In section Analysis of the results of the chosen model
it was highlighted that a one unit increase in the age variable has an impact increase of 3.87% on the base chance function. This fact was reinforced when the survival curves were made for different ages, since as age increased the curves declined more quickly.
Furthermore, when analyzing the \(\beta's\) of the treatment variable, treatments 2 and 3 had a smaller impact on the base chance function than treatment 1 and, when multiple comparisons were made to analyze the comparison between treatments 2 and 3 , treatment 3 had a 204.04% greater impact on the base chance function than treatment 2.

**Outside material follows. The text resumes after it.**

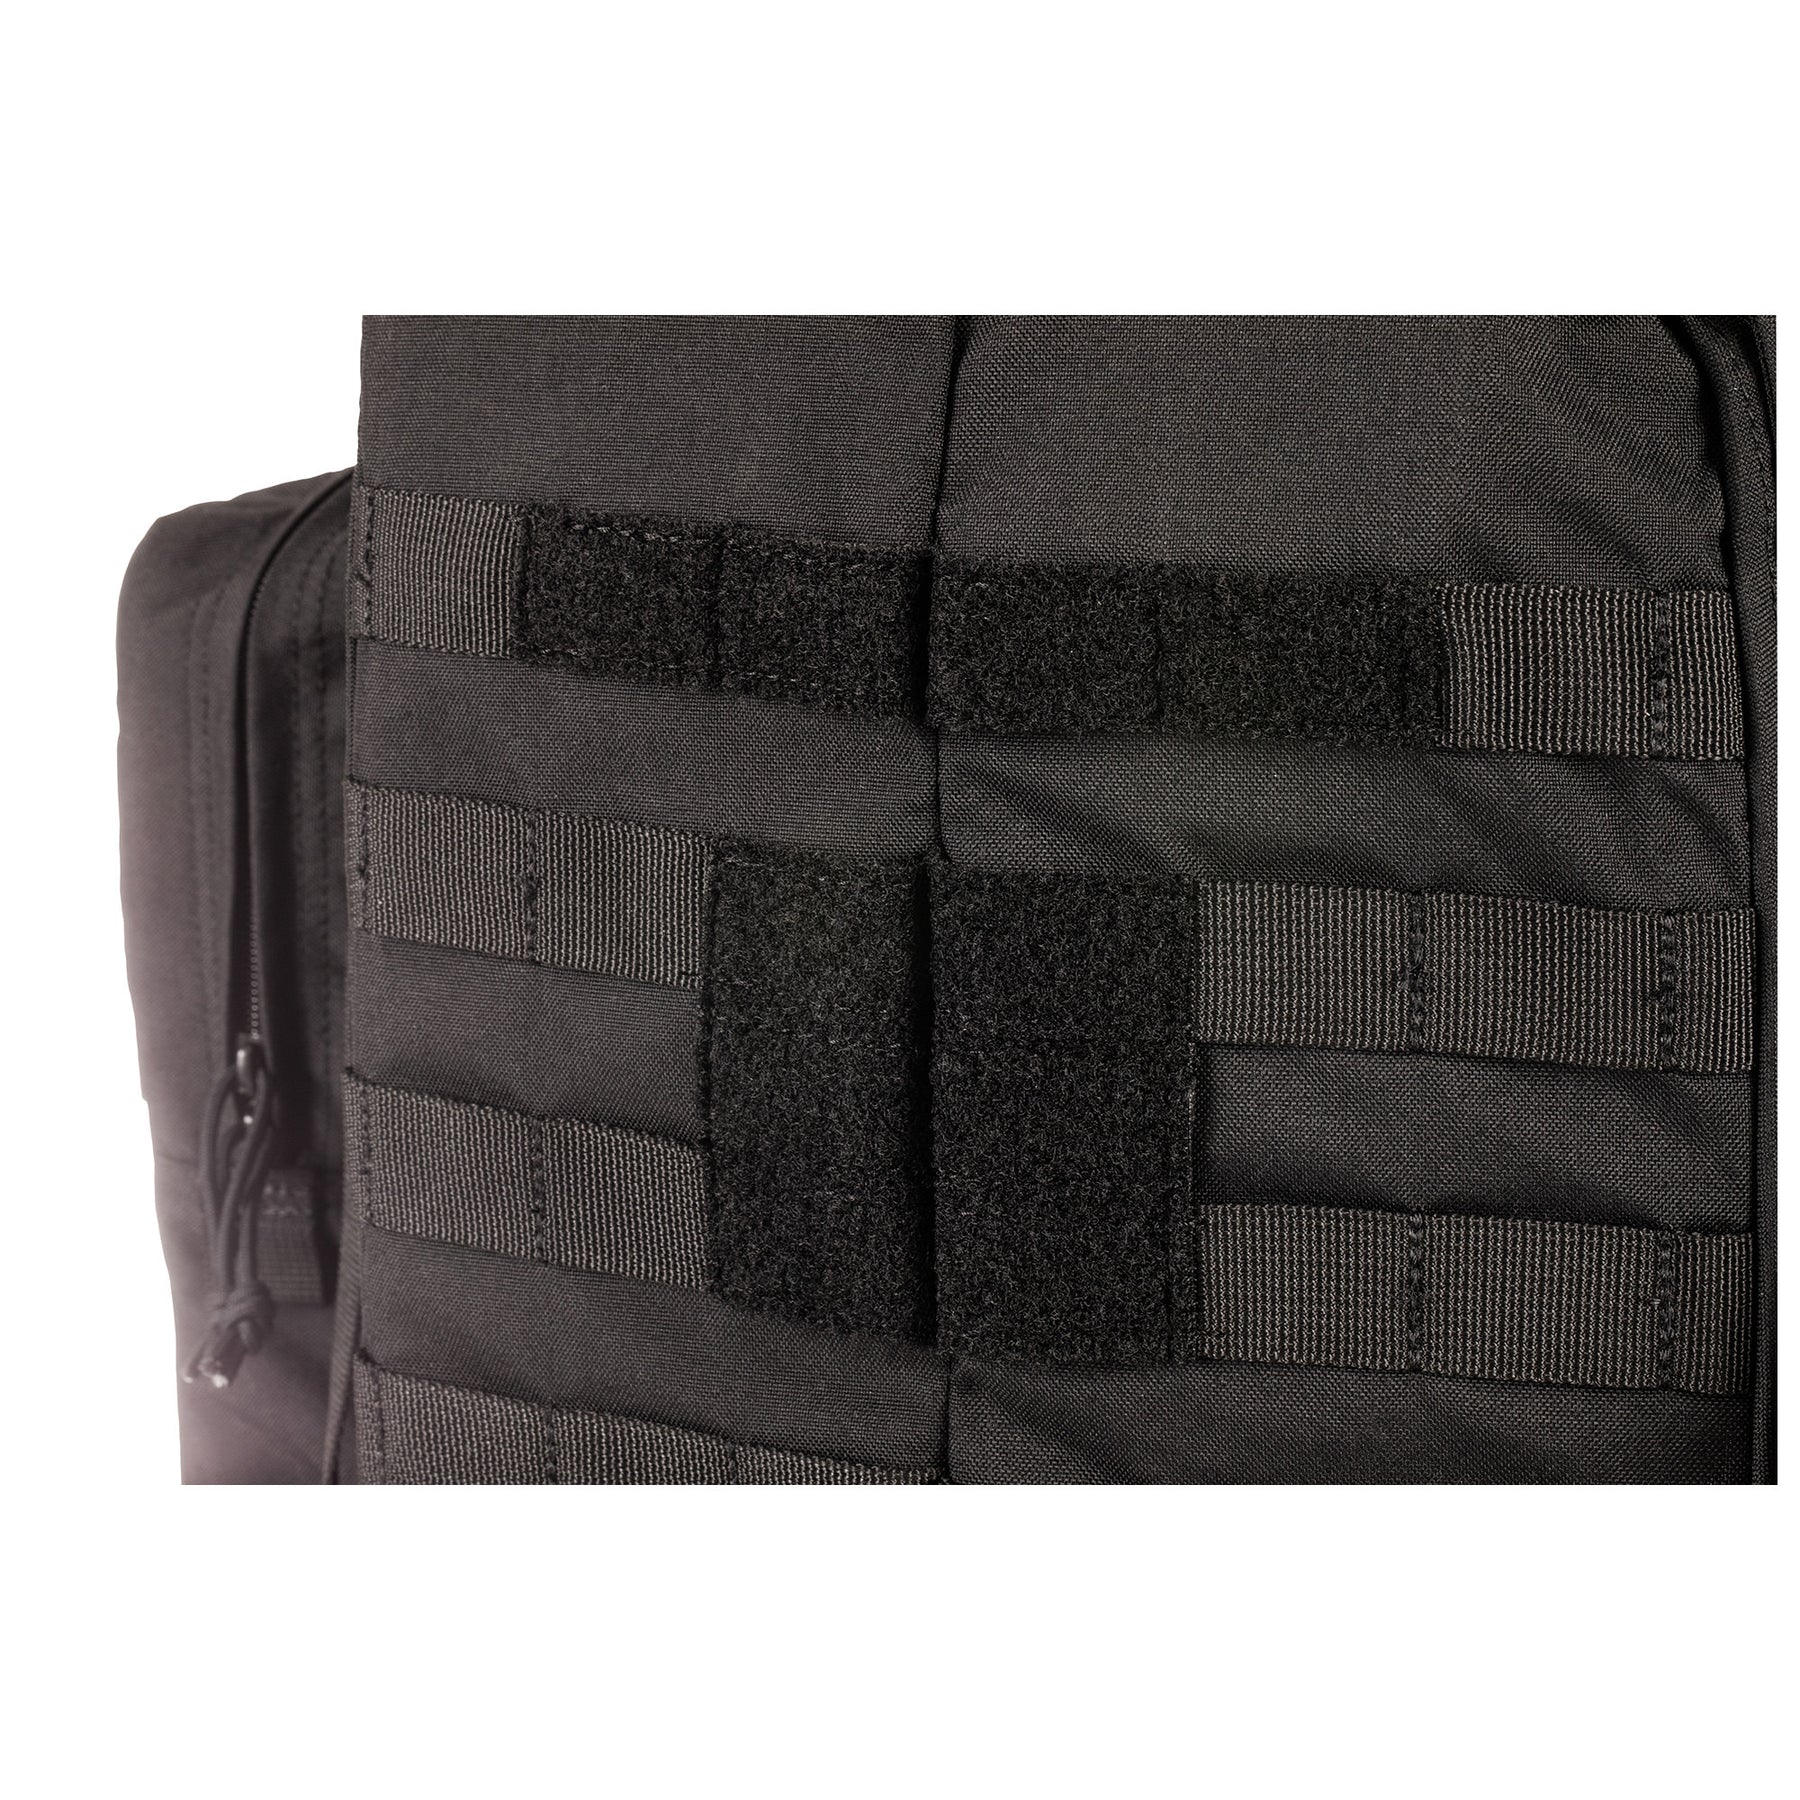 ZAINO RUSH100 60 litri di 5.11 Tactical Black (nero) - vista dettaglio velcro per patch e identificativo

Therefore, the analysis carried out in the first paragraph in relation to Figure Survival curves for ages 33 to 83 by treatment
was completely consistent with the analysis of \(\beta's\) and provided us with insights into the database of lung cancer cases.
References
R Core Team (2021). R: A language and environment for statistical computing. R Foundation for Statistical Computing, Vienna, Austria. URL https://www.R-project.org/.
survstan: Fitting Survival Regression Models via Stan. URL: https://cran.r-project.org/web/packages/survstan/index.html
Lawless (2002) ISBN:9780471372158;
Bennett (1982) doi:10.1002/sim.4780020223;
Chen and Wang(2000) doi:10.1080/01621459.2000.10474236;
Demarqui and Mayrink (2021) doi:10.1214/20-BJPS471.